ActualitéClassé sous :Volcan , Eruption , Hunga Tonga-Hunga Ha’apai

[EN VIDÉO] Éruption explosive aux îles Tonga  L'éruption du volcan Hunga Tonga-Hunga Ha’Apai a produit des explosions très violentes et des colonnes de cendres de 20 à 30 kilomètres de haut. 

Une éruption volcanique, ça peut avoir de lourdes conséquences. Sur Terre. Mais aussi dans l'espace, nous révèlent aujourd'hui des chercheurs de la Nasa après avoir analysé les données recueillies après l'éruption spectaculaire du volcan des Tonga en janvier dernier.

Le 15 janvier dernier, le volcan sous-marin Hunga Tonga-Hunga Ha'apai entrait en éruption. L'événement a propagé un tsunami dans tout l'océan Pacifique. Le bruit de l'éruption a été entendu jusqu'en Alaska. À plus de 8.500 kilomètres de là. Sa colonne éruptive -- comprenez, le nuage de gaz volcanique chaud et de téphras qui s'élève au-dessus d'un volcan en éruption --, a atteint les 30 kilomètres d'altitude. Aujourd'hui, des chercheurs de la Nasa nous apprennent que des effets de cette éruption ont été enregistrés jusque dans l'espace.

Des observations satellite montrent que l'éruption volcanique a créé d'importantes perturbations de pression dans l'atmosphère. Donnant naissance à des vents violents. Des vents qui ont accéléré au fur et à mesure qu'ils montaient en altitude. Lorsqu'ils ont atteint l'ionosphère -- une couche de notre atmosphère située entre 60 et 1.000 kilomètres d'altitude --, la mission Ionospheric Connection Explorer (Icon), de passage au-dessus de l'Amérique du Sud, les a enregistrés à des vitesses de plus de 720 km/h. Tout simplement, les vents les plus violents enregistrés par la mission au-dessus de 200 kilomètres d'altitude.

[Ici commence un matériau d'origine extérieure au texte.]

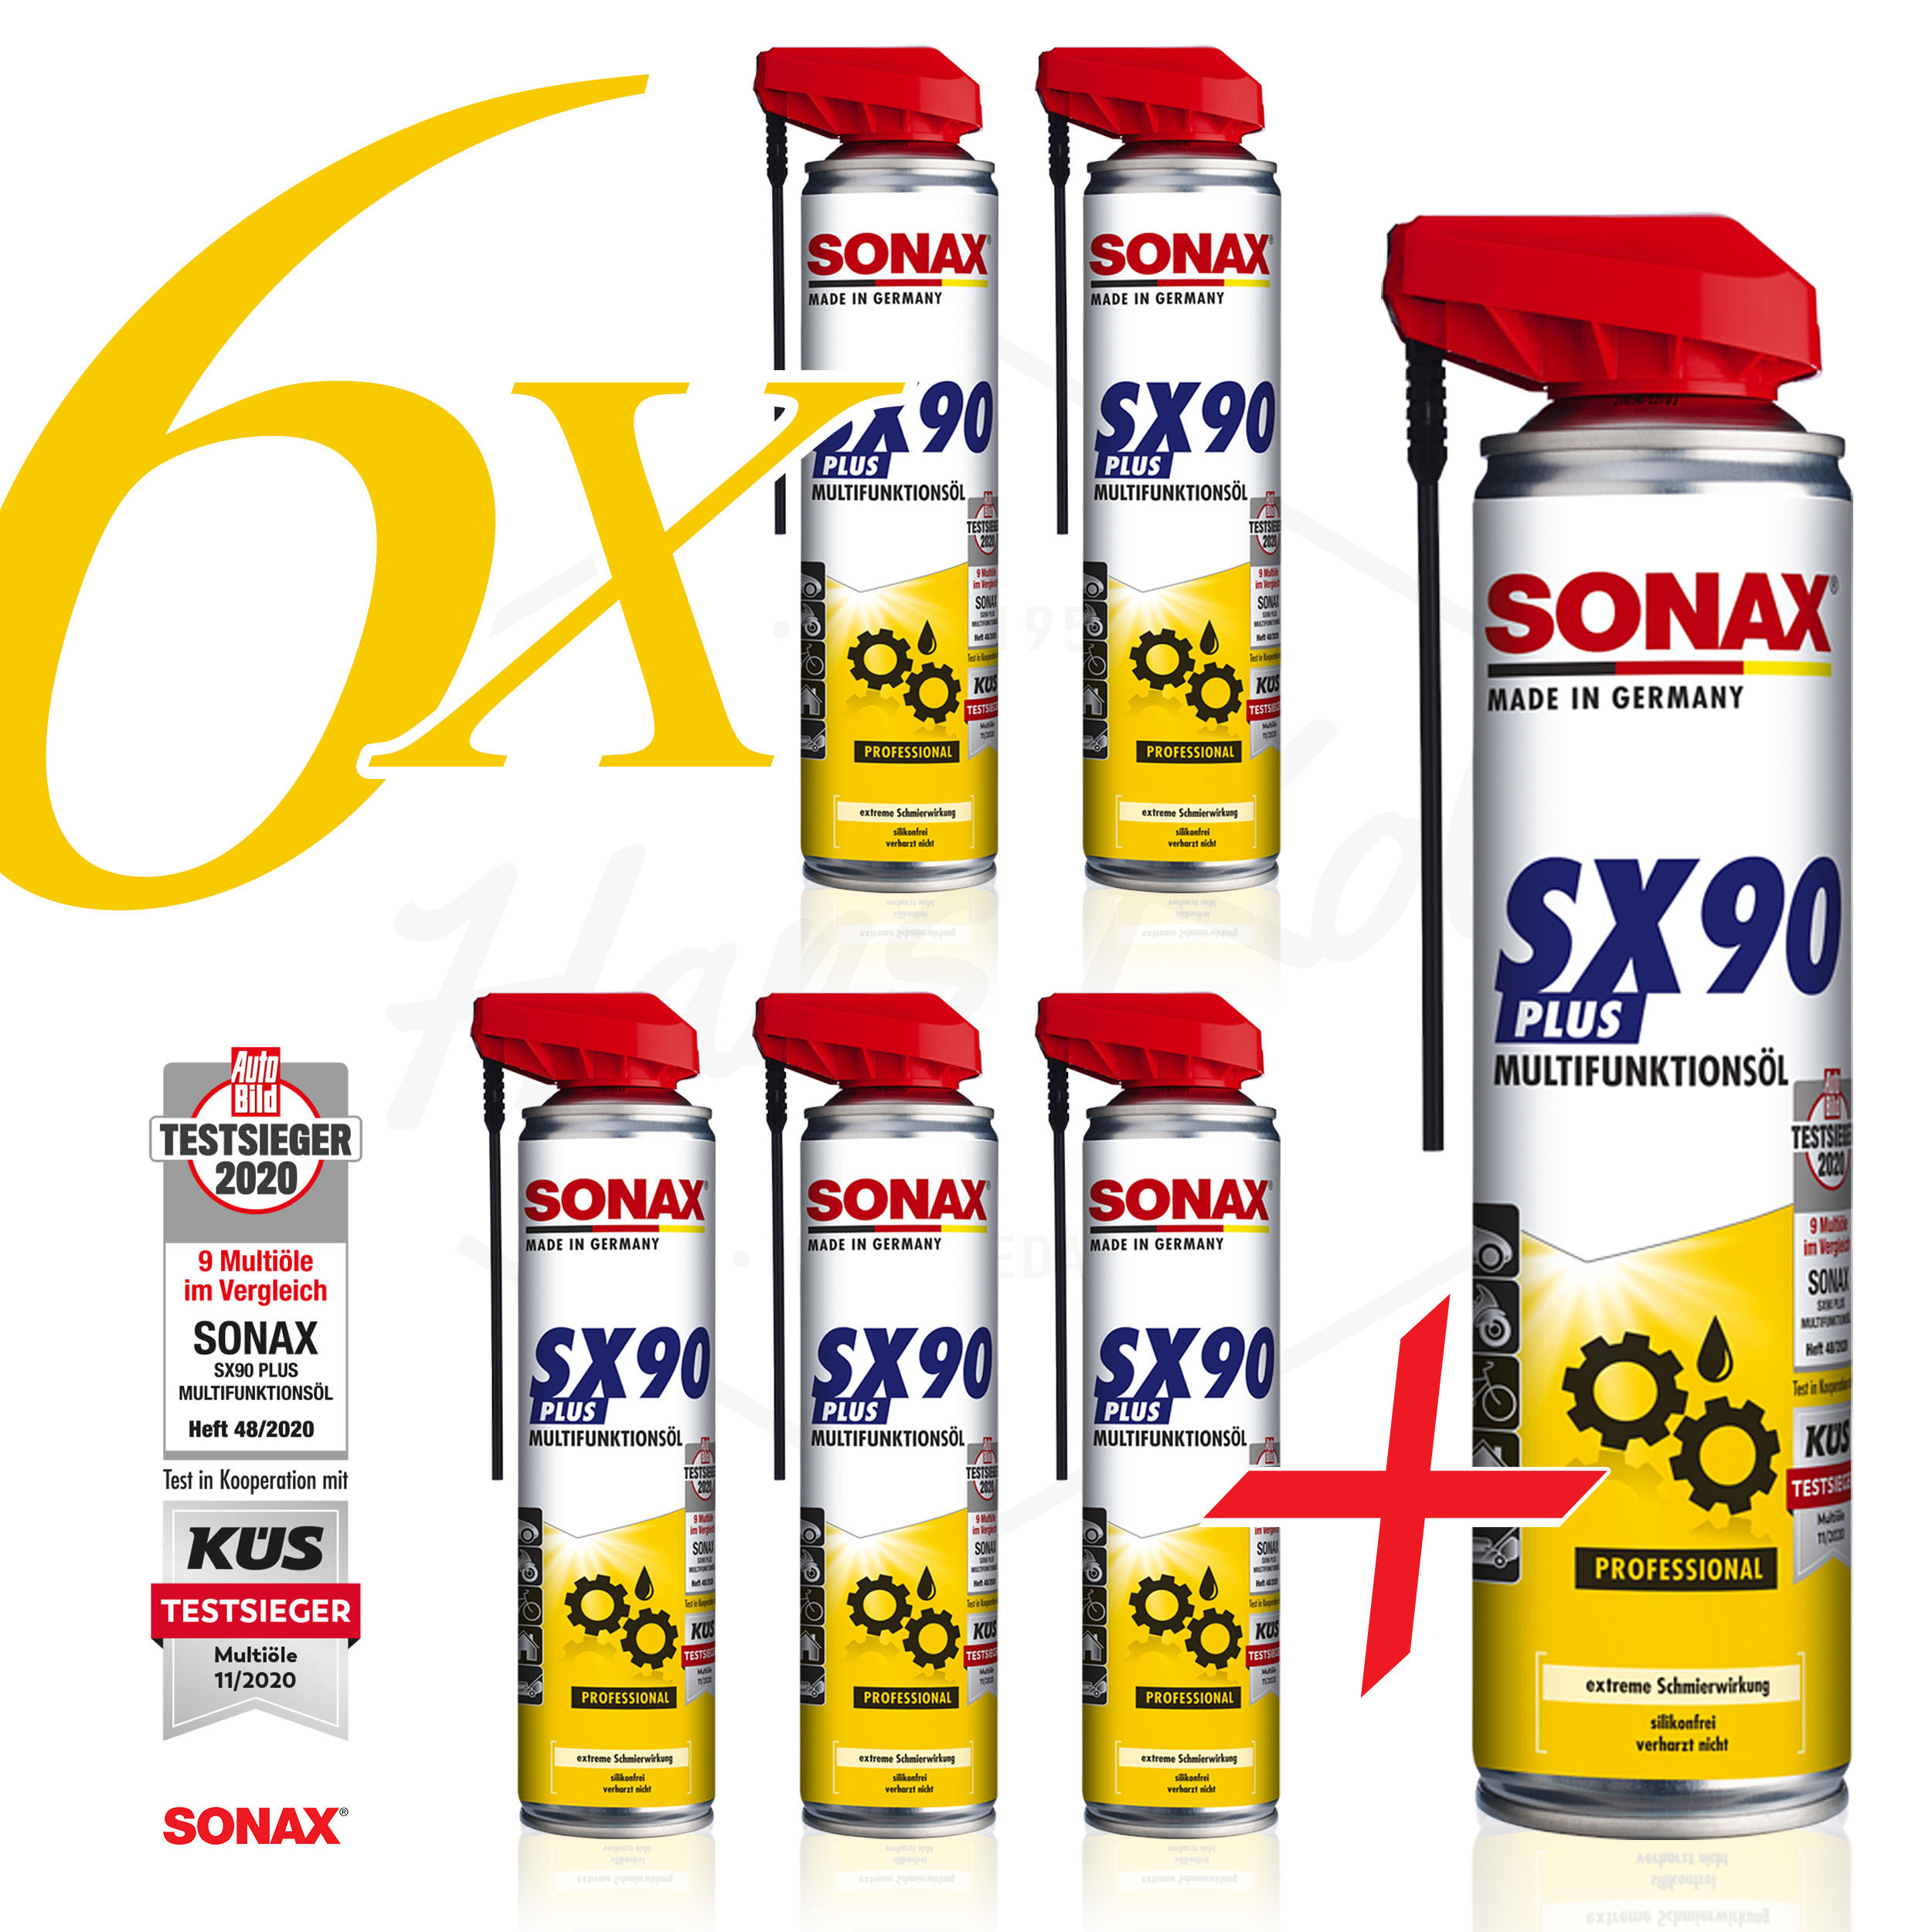 SONAX Multifunktions Kriech- und Schmieröl

Certains des effets de l’éruption du volcan Hunga Tonga-Hunga Ha'apai sont résumés ici. Comme ceux détectés par les missions Icon (Nasa) et Swarm (ESA). © Mary Pat Hrybyk-Keith, Nasa’s Goddard Space Flight Center

L’ionosphère impactée de tous les côtés

Ces vents extrêmes ont également affecté les courants électriques qui circulent dans l'ionosphère. Ces courants -- classiquement alimentés par les vents de la basse atmosphère -- ont ainsi atteint cinq fois leur puissance crête normale. Ils ont aussi radicalement changé de direction. Se mettant à s'écouler vers l'ouest sur une courte période. Jusqu'alors, seules de fortes tempêtes géomagnétiques avaient pu avoir un tel effet.

Ces travaux confirment que l'ionosphère peut être affectée par des événements qui arrivent sur Terre aussi bien que par des phénomènes qui se produisent dans l'espace -- les éruptions solaires, par exemple. Parce que des modifications dans l’ionosphère peuvent avoir des conséquences sur nos signaux GPS et radio, notamment, il est important pour les chercheurs de pouvoir continuer à mieux comprendre les phénomènes qui les provoquent.

Pour en savoir plus

Quelle a été l'ampleur de l'éruption du volcan Hunga Tonga-Hunga Ha’Apai ? Décryptage

Tout comme l'onde de choc qu'elle a générée, l'éruption du volcan Hunga Tonga-Hunga Ha'Apai a fait le tour du monde. Pour son ampleur d'abord, qui permet de la référencer comme une grosse éruption de la première partie du XXIe siècle. Pour les dégâts causés ensuite, même si le bilan aux Tonga est encore largement incomplet. Pour ses manifestations d'ordre planétaire enfin, jusque chez nous à l'autre bout du monde... Mais pour autant, où se classe-t-elle par rapport aux grandes éruptions de notre Planète ?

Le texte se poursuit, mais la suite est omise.